Big news in the information management world today – Autonomy announced it will acquire Interwoven for $775 million.

Since 2005, Autonomy has acquired technology for search (Verity), archiving (ZANTAZ), and records management (Meridio). With Interwoven, Autonomy gains a technology foothold where it was previously weakest -- at the point where digital content gets created, captured, and managed. Yet knowing Autonomy, it’s likely after Interwoven’s solid customer base in several niche market segments: law firms and customer-facing media, entertainment, and commerce Web sites. All of these Interwoven customers had better prepare for a knock on the door from Autonomy reps prepared to sell them on the virtues of extracting “meaning” from their digital information (using Autonomy IDOL, of course).

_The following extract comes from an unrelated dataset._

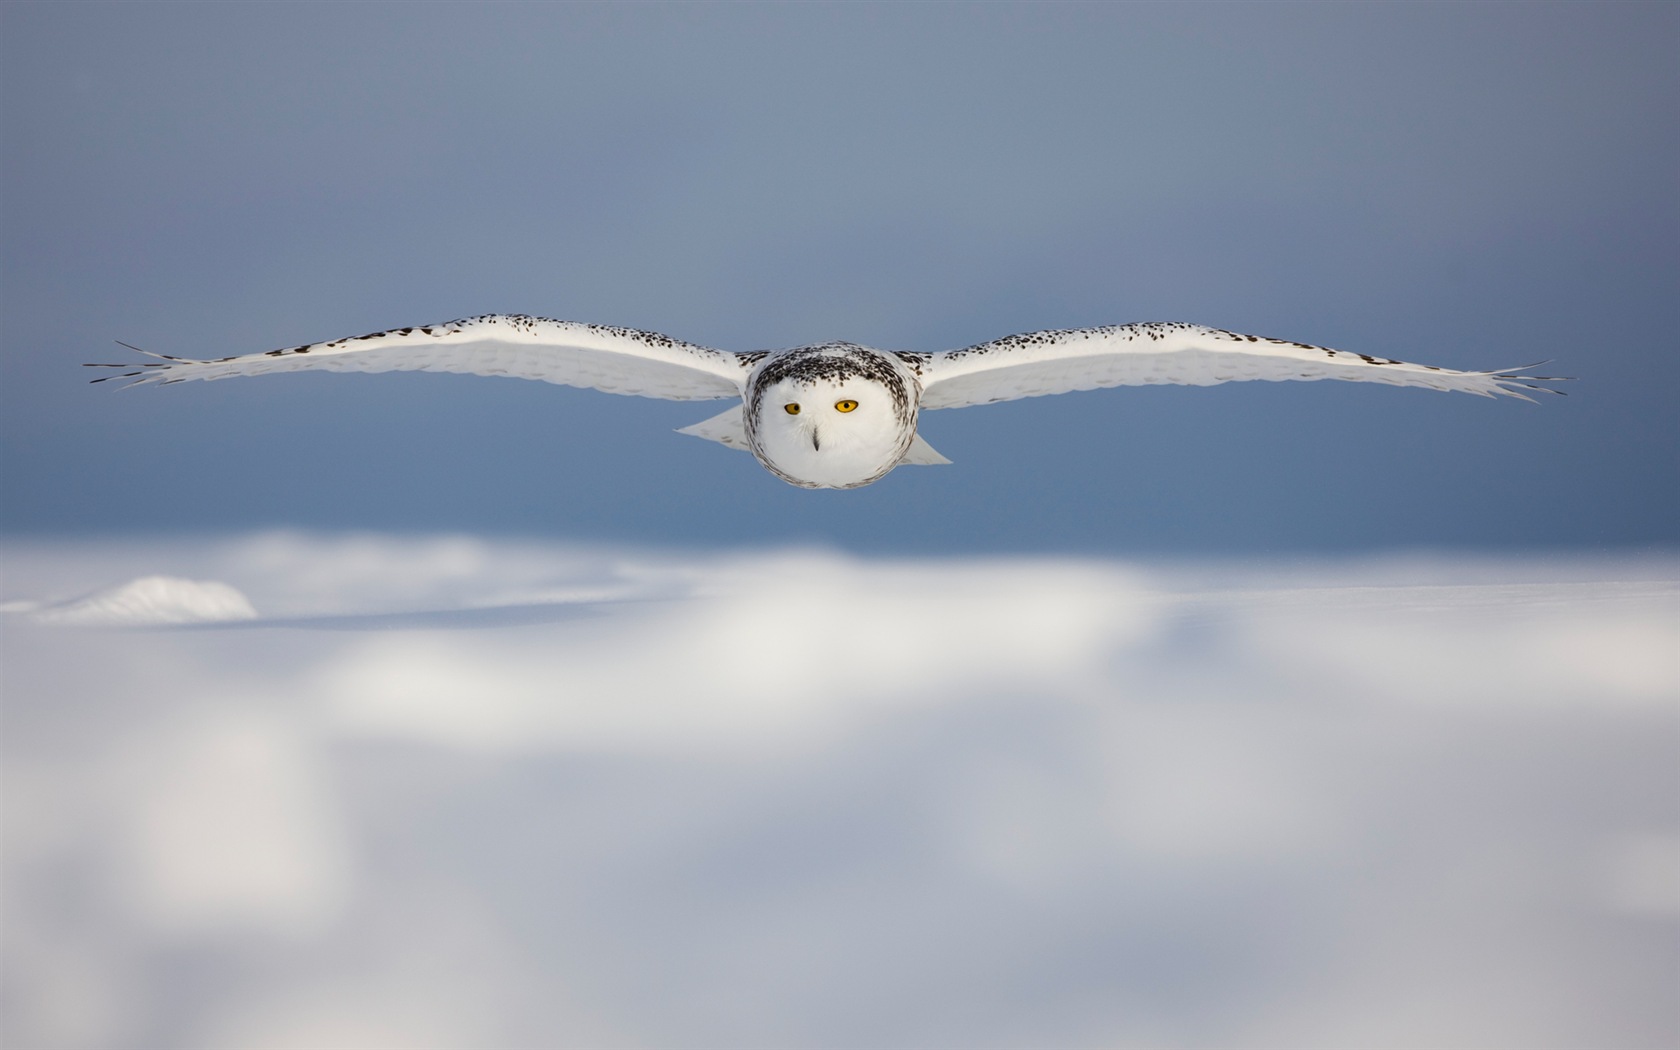 Windows 8 Wallpapers: Arctic, the nature ecological landscape, arctic animals #12 - 1680x1050

Enterprise search and enterprise content management are two sides of a coin. Both are necessary to create, manage, store, find and analyze information. Yet information workers still generate an enormous amount of content in word processing applications and distribute it via email. Content created in this way is difficult to manage and control as well as difficult to find. The high price Microsoft paid for FAST Search and Transfer last year was based in part on the expected value of combining the two sides of the coin — to tightly integrate search and classification capabilities at the point where content is created and accessed. Autonomy brings more sophisticated — and much needed — archiving and records management capabilities to this picture.